▶ [DATA FOR ANALYSIS]:
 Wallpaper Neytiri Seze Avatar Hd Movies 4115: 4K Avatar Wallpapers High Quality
==
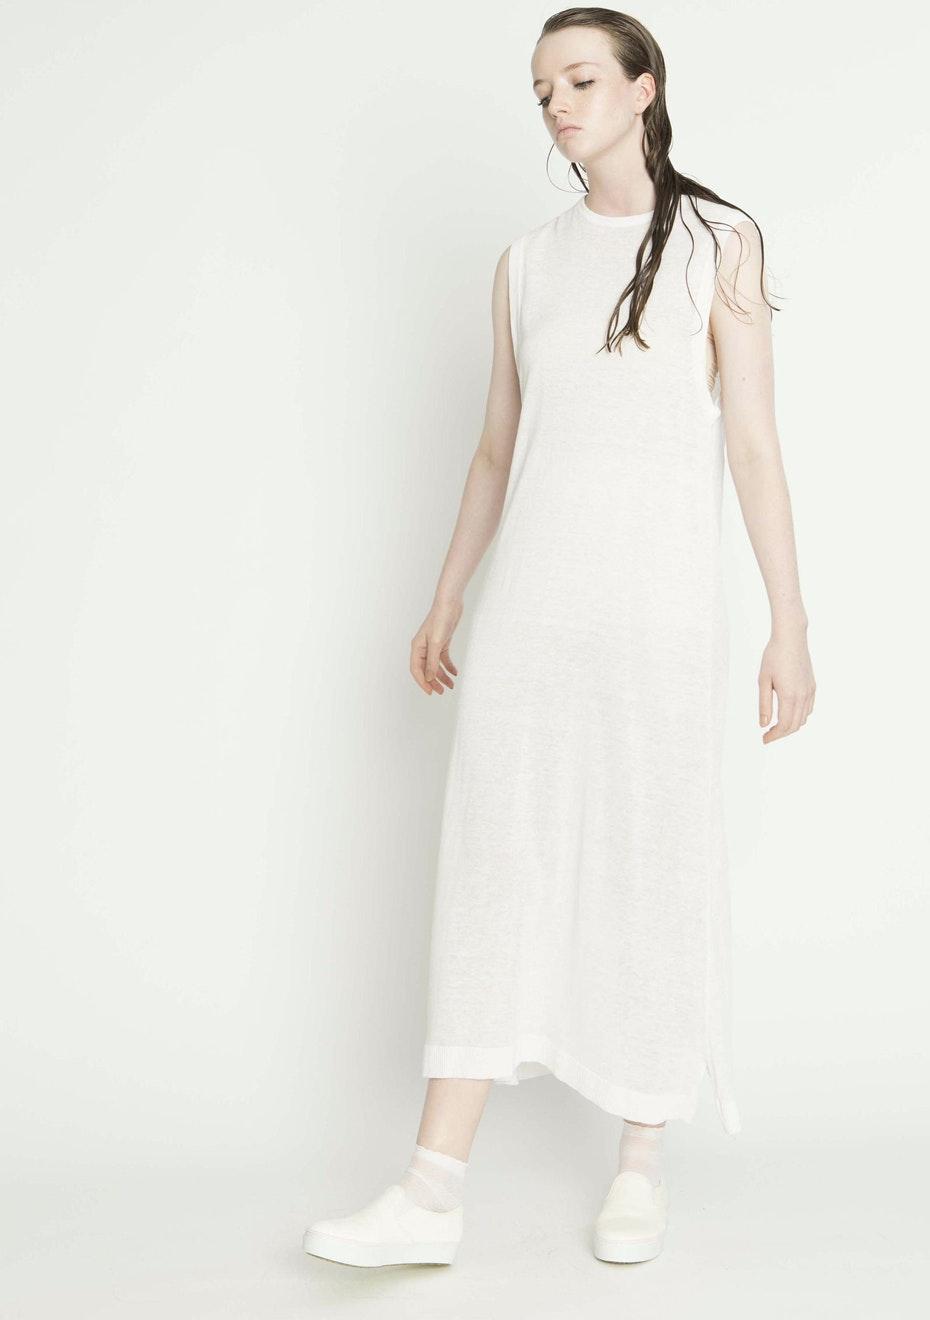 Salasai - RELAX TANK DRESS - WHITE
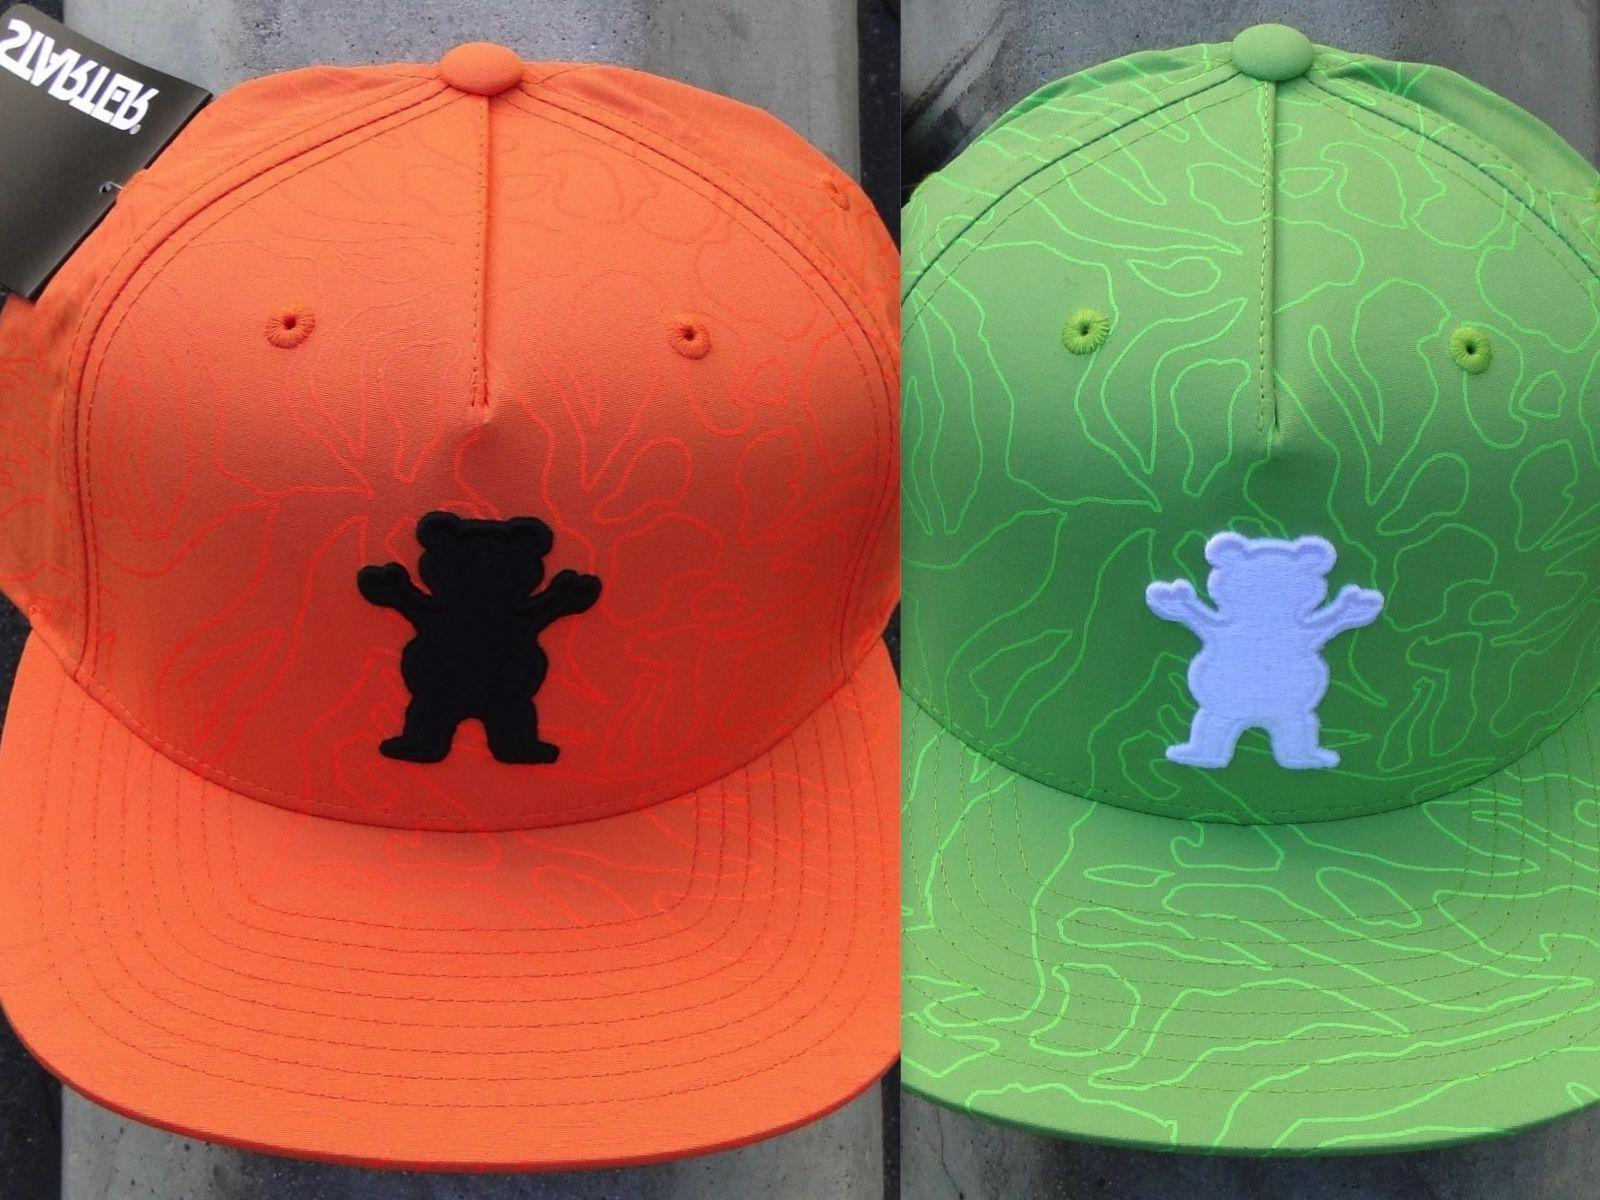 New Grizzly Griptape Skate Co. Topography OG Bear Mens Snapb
...
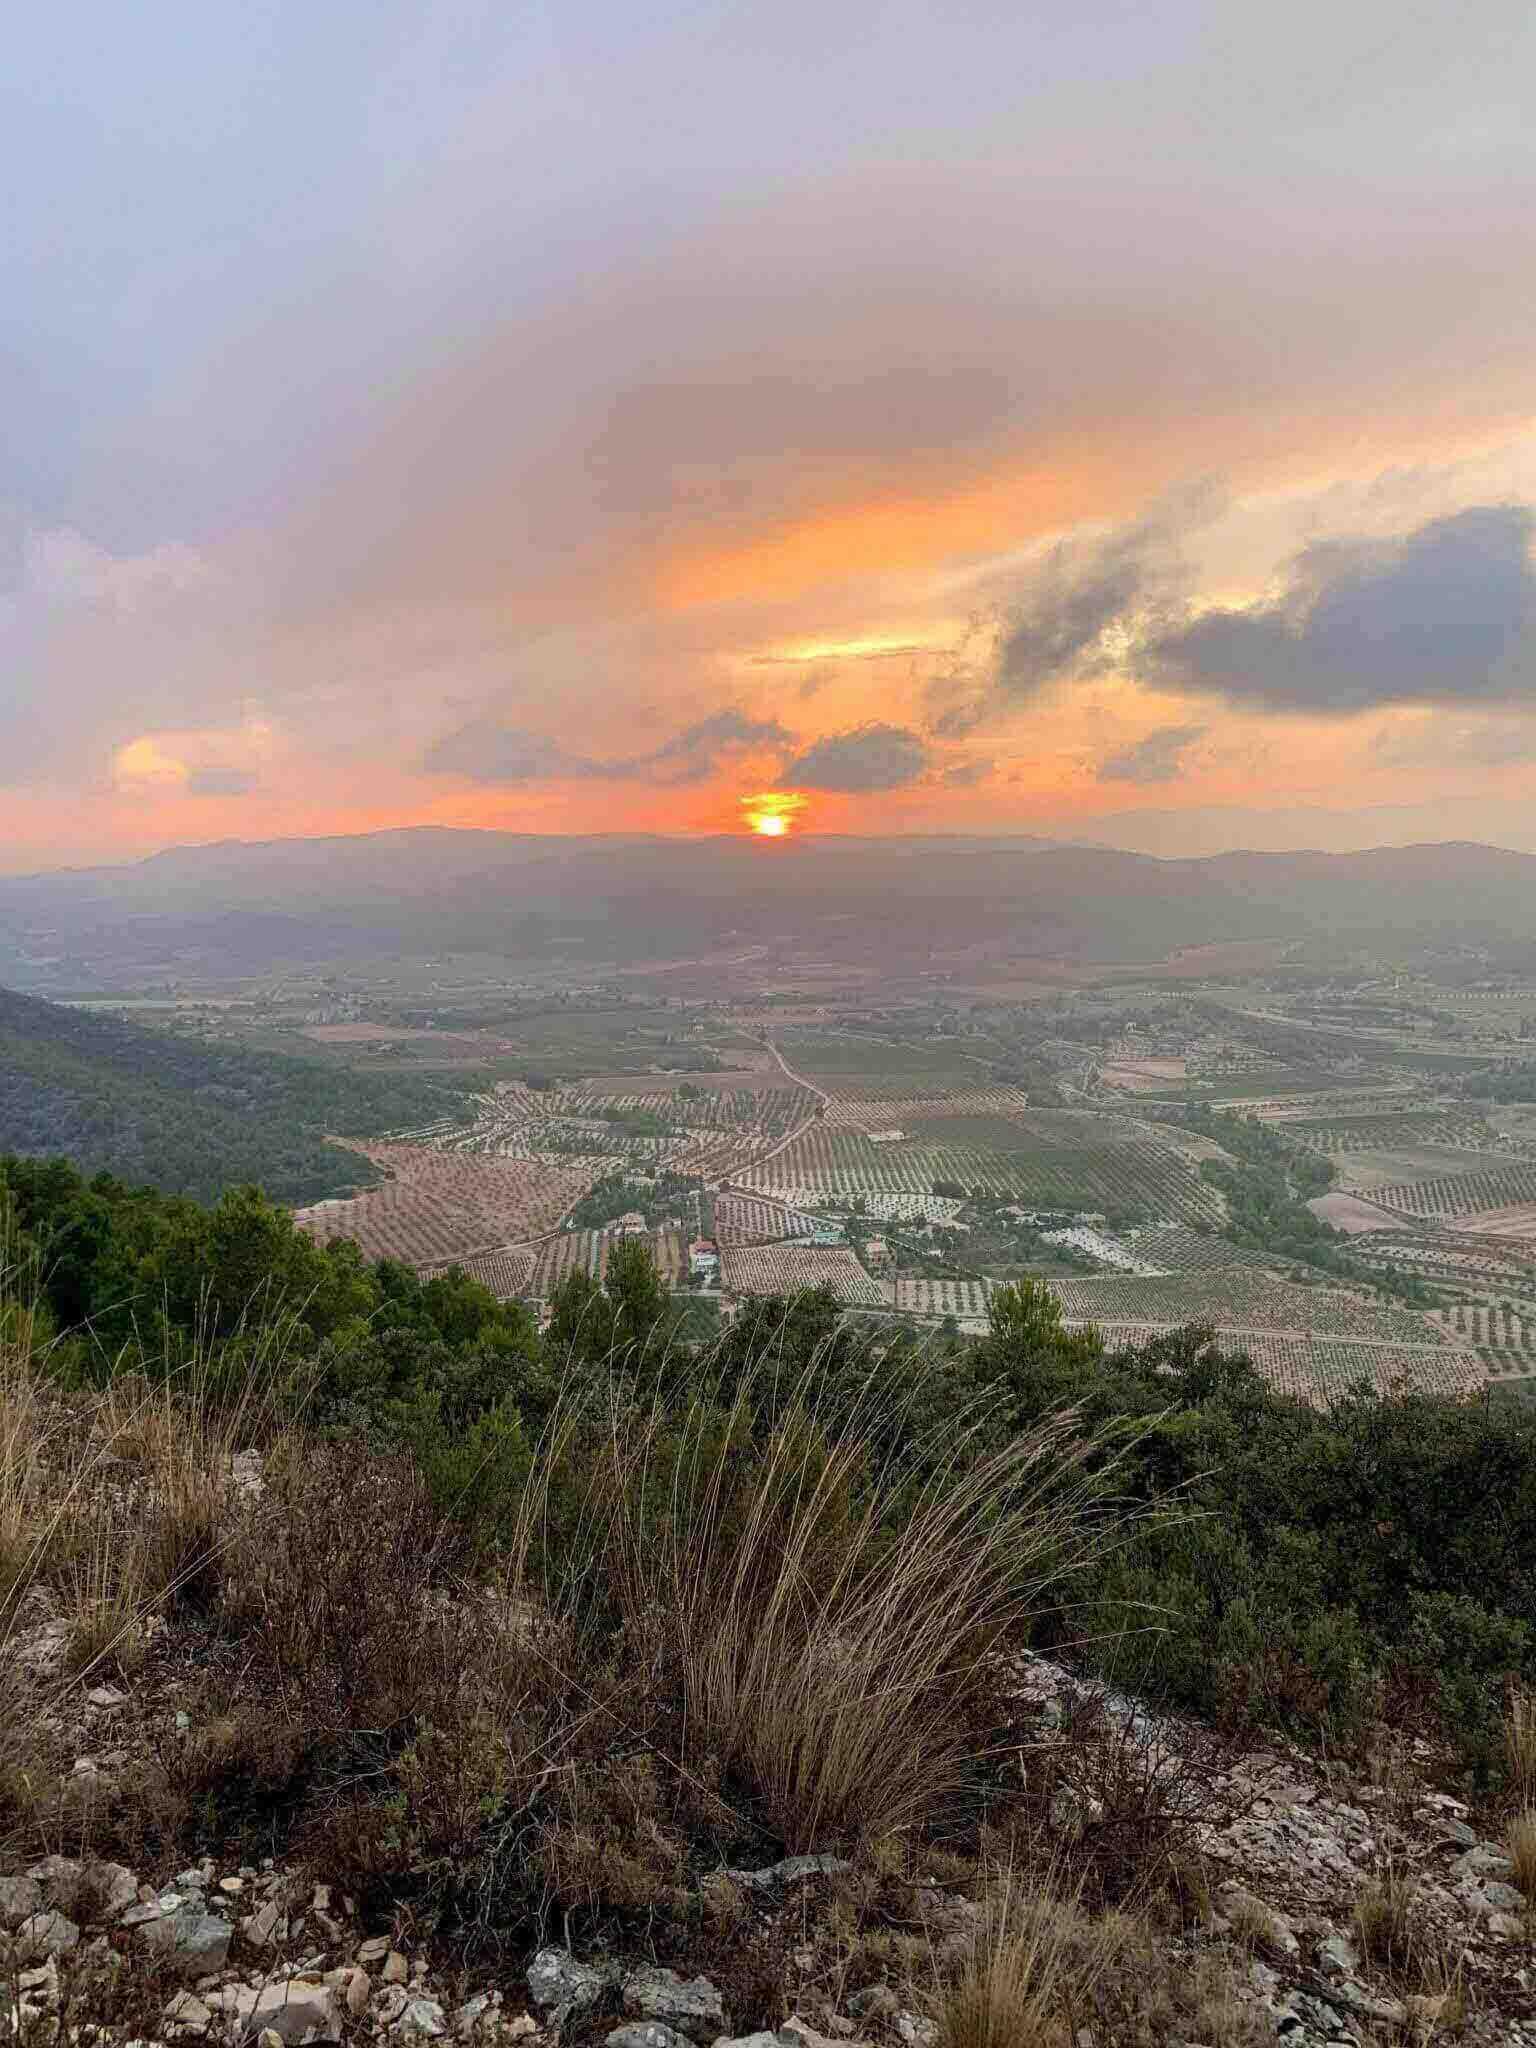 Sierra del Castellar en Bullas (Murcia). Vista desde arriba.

▶ [EXERCISE AIM]:
In the records above, find the line with "Salasai - RELAX TANK DRESS - WHITE". Print exactly from there through the line with "New Grizzly Griptape", minus the pictures.

▶ [RESPONSE TO THE EXERCISE]:
 Salasai - RELAX TANK DRESS - WHITE
 New Grizzly Griptape Skate Co. Topography OG Bear Mens Snapb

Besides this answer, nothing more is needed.